Investing More in Income Generating Assets
The goal here is to have assets that generate passive income. These include shares, REITs and real estate. If you bought these assets when young, you would also enjoy benefits from capital appreciation. Bonds are also an excellent strategy. If you can match a few bonds with your retirement, you will receive a lump sum payout of your investment. This money can go towards funding various retirement expenses.
Building or Buying a House
I believe most of us would love to stop paying rent finally. But building or buying a house is a cash-intensive project. Fortunately, it is not something you need to do in a month or two. Some people build their homes in a few months, which you can do if you have the money. Others build over time, having milestones for each house section depending on the available cash. A mortgage is another alternative to owning a home. Instead of a mortgage, you can also get a normal loan, which is usually cheaper than a mortgage. Did you know that you can use 60% of your pension savings as collateral for the money you borrow to build a home? What method suits you?
If you can, plan to have a retirement home before your retirement date. That way, your pension payouts will not go towards this project, as it would wipe a considerable chunk of your payout.
I believe one’s current lifestyle, financial situation and goals can help determine where you might stand when it is time to retire.

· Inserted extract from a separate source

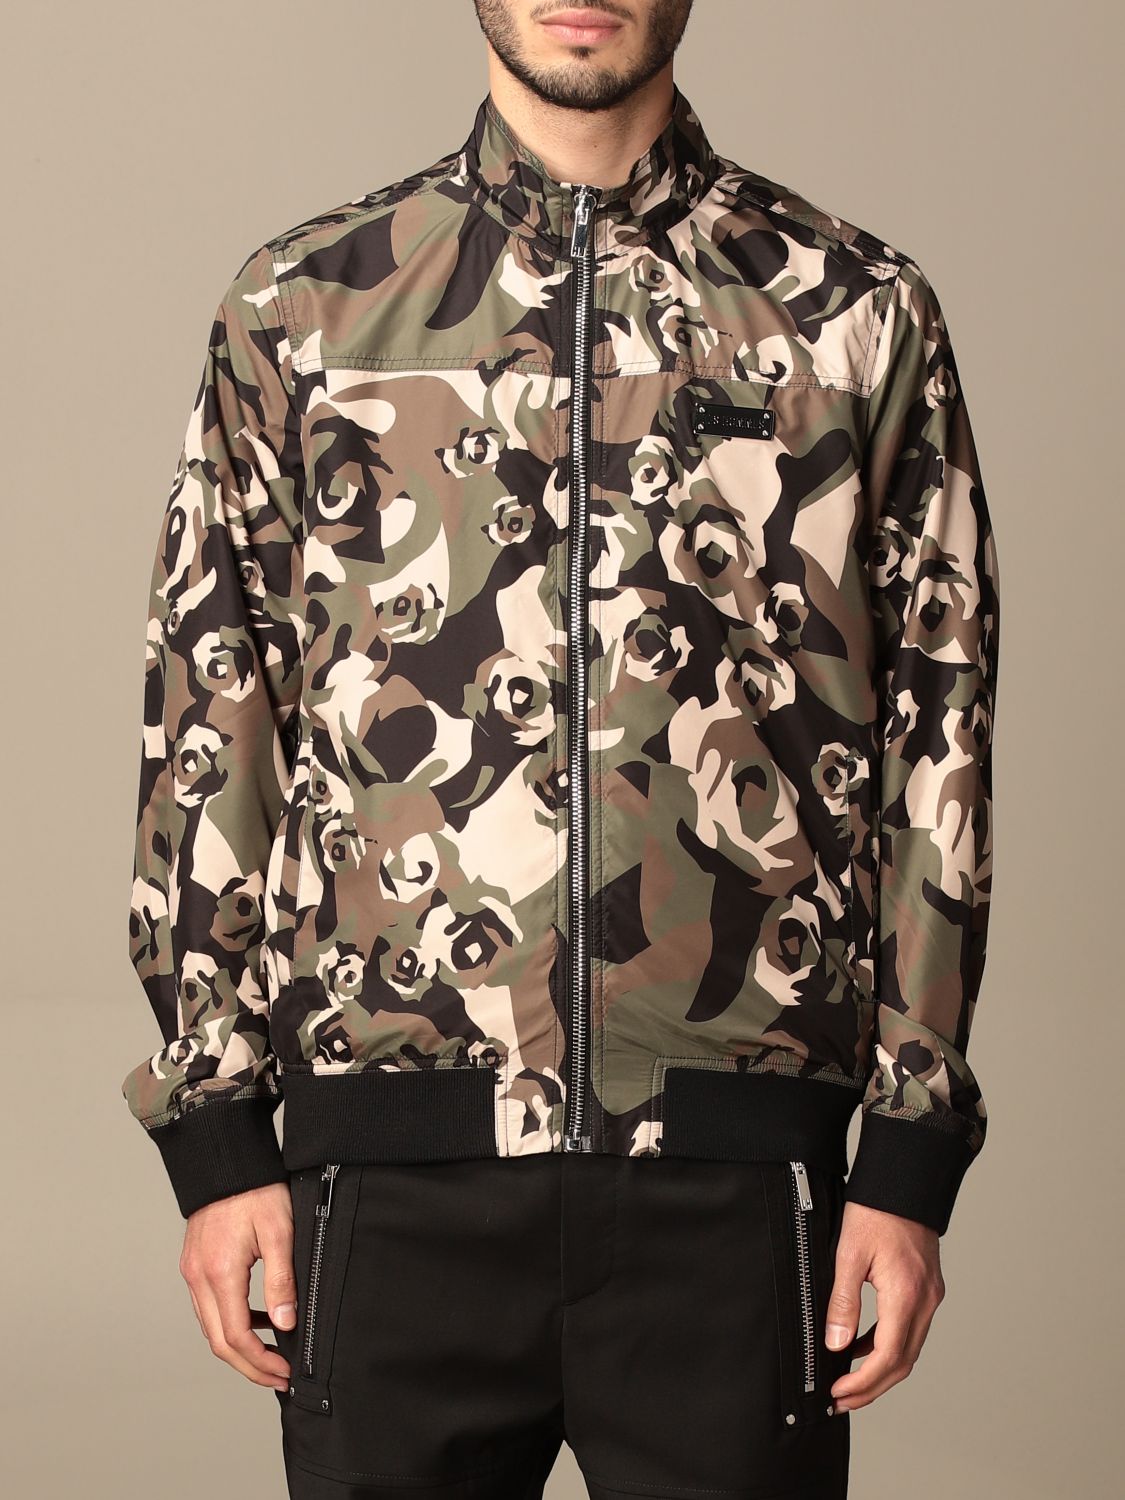 Early Prove Sky Les Hommes Outlet: patterned nylon jacket - Black | Les Hommes jacket  LKO101282P online on GIGLIO.COM

For instance, let’s say you already have a house, a farm, or investments in assets like company shares and government bonds. Going by this, we can assume you do not have to worry about rent payments. However, if you plan to relocate to the upcountry upon retirement, your worry will be the maintenance costs for your house, which might not be as high as rent payments. Your farm would also provide foodstuffs, reducing food costs and possibly serving as an additional cash flow if you sell your farm produce.
In addition, your investments in shares, government bonds and other assets will provide you with passive income from interest and dividend payments. Or you can also sell to recover your capital and possibly make a profit while at it.
With some of these strategies in place, you can expect a handsome payout from your NSSF, employer or personal pension contributions. Or, you will have invested your money in assets that continue to generate passive income to fund your lifestyle in your golden years.
I am working on increasing my payout from my personal provident plan, generating passive income and having a farmhouse. What’s your plan?